Google's quantum paper sounds the alarm: 600 billion in crypto assets face risks

A new paper co-published by Google’s quantum AI and multiple parties has significantly lowered the hardware threshold for cracking the elliptic curve cryptography used for Bitcoin and Ethereum, bringing quantum security risks—long lingering and unresolved—into the market’s near-term reality. At current market prices, the total size of affected crypto assets exceeds $600 billion.

The paper notes that cracking the 256-bit elliptic curve discrete logarithm problem requires only 1,200–1,450 logical qubits and 70 million–90 million Toffoli gates. For the corresponding superconducting quantum computer, fewer than 500,000 physical qubits are needed. The attack can be completed in minutes, reducing hardware estimates by about 20x compared with earlier estimates.

Google emphasizes that no such machine exists yet, but an Ethereum Foundation researcher says confidence in the 2032 “Quantum Day” (when quantum computers have a 10% probability of cracking private keys) has increased significantly.

Google also reveals that it has worked with the U.S. government to estimate external verification resources via zero-knowledge proofs, while avoiding disclosure of attack details.

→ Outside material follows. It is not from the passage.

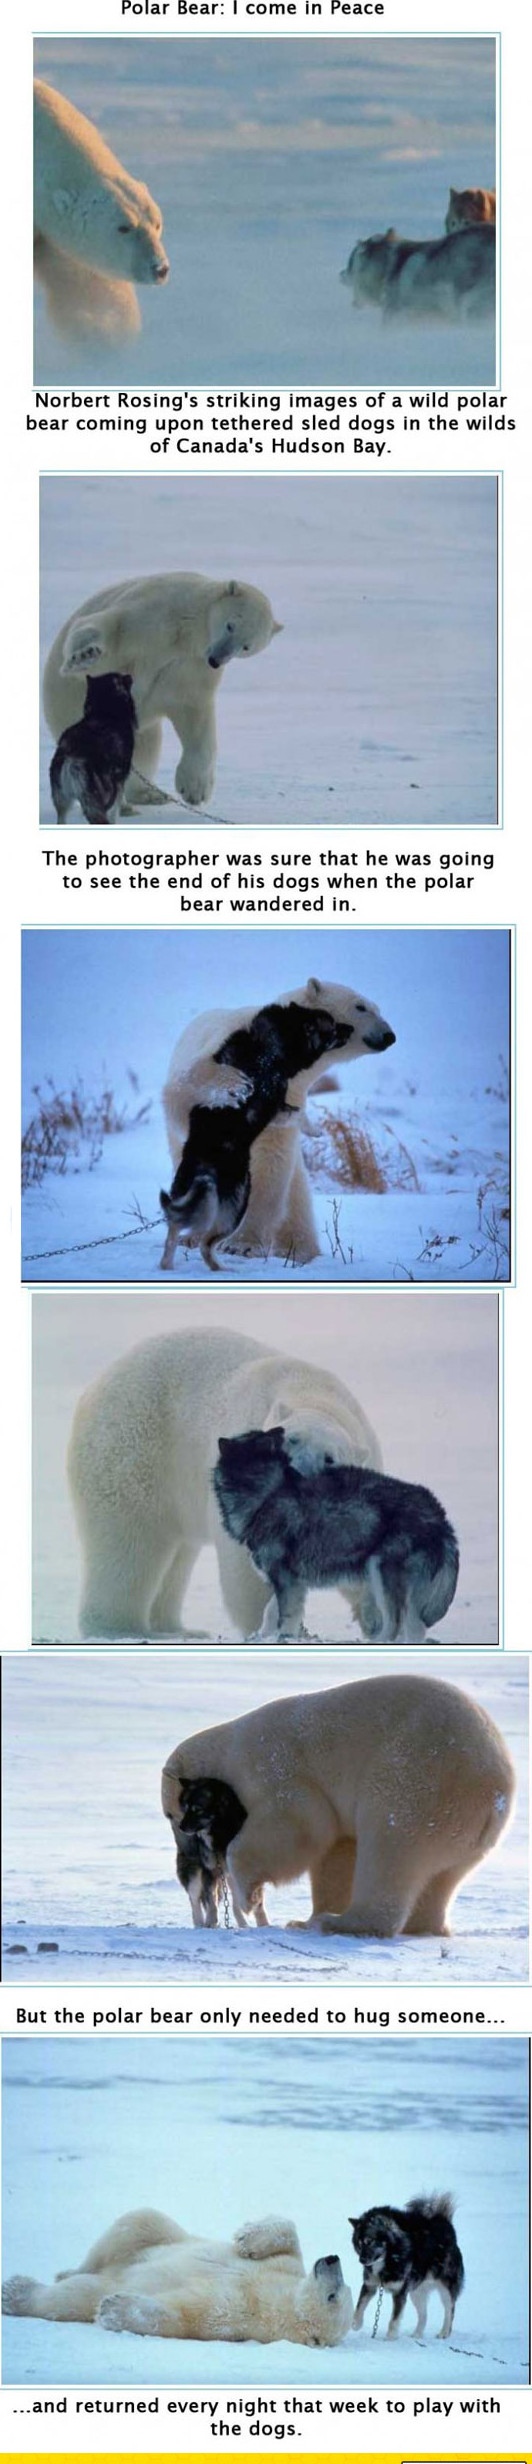 cute-polar-bear-playing-husky-dogs-ice

Bitcoin’s quantum risk is concentrated in transaction attacks and the security of held assets. The paper simulates attacks during spending: with a quantum computer, private keys can be derived in 9 minutes—close to Bitcoin’s 10-minute average block time—with a theft success rate of nearly 41%.

Worse still, about 6.7 million Bitcoins (about $444 billion, or 32% of total market value) are stored in vulnerable addresses. Of these, 1.7 million protected only by older script mechanisms ($112.6 billion), 2.3 million that are various kinds of dormant and vulnerable ($152.3 billion), and some are unable to be migrated because they were abandoned or lost.

In addition, while the Taproot protocol improves privacy, because the public key is directly embedded into the script, it reintroduces quantum weaknesses. And in the short term, the main risk focus is signatures rather than mining.

Ethereum’s quantum risk runs through accounts, contracts, and infrastructure. Because Ethereum produces blocks every 12 seconds, processes transactions quickly, and relies on private mempools, the difficulty of real-time transaction attacks is relatively high.

The core risk is static attacks: fast quantum computers could compromise the first 1,000 Ethereum accounts within 9 days (about $41.5 billion) and crack 70 core contract accounts within 15 hours (about $5.1 billion).

Even more worth worrying about is that on Ethereum, $200 billion in stablecoins and tokenized assets—if the keys belonging to issuers, bridge operators, and similar parties are compromised—could trigger crises such as money supply expansion and funds being frozen.

In addition, $30.4 billion in ETH within L2 and protocol value, and $74.9 billion in ETH within consensus stakes, also face threats due to vulnerabilities and signature risks.

However, the industry already has post-quantum cryptography tools, but migration will take several years. It requires protocol upgrades and changes in wallet behavior to reduce public key leakage and key reuse.

For the crypto market, quantum risk has moved from theory to reality: Bitcoin needs to address settlement-window pressure, while Ethereum must protect its massive contract and tokenized ecosystem. Immediately advancing post-quantum cryptography migration is an urgent task for the industry right now.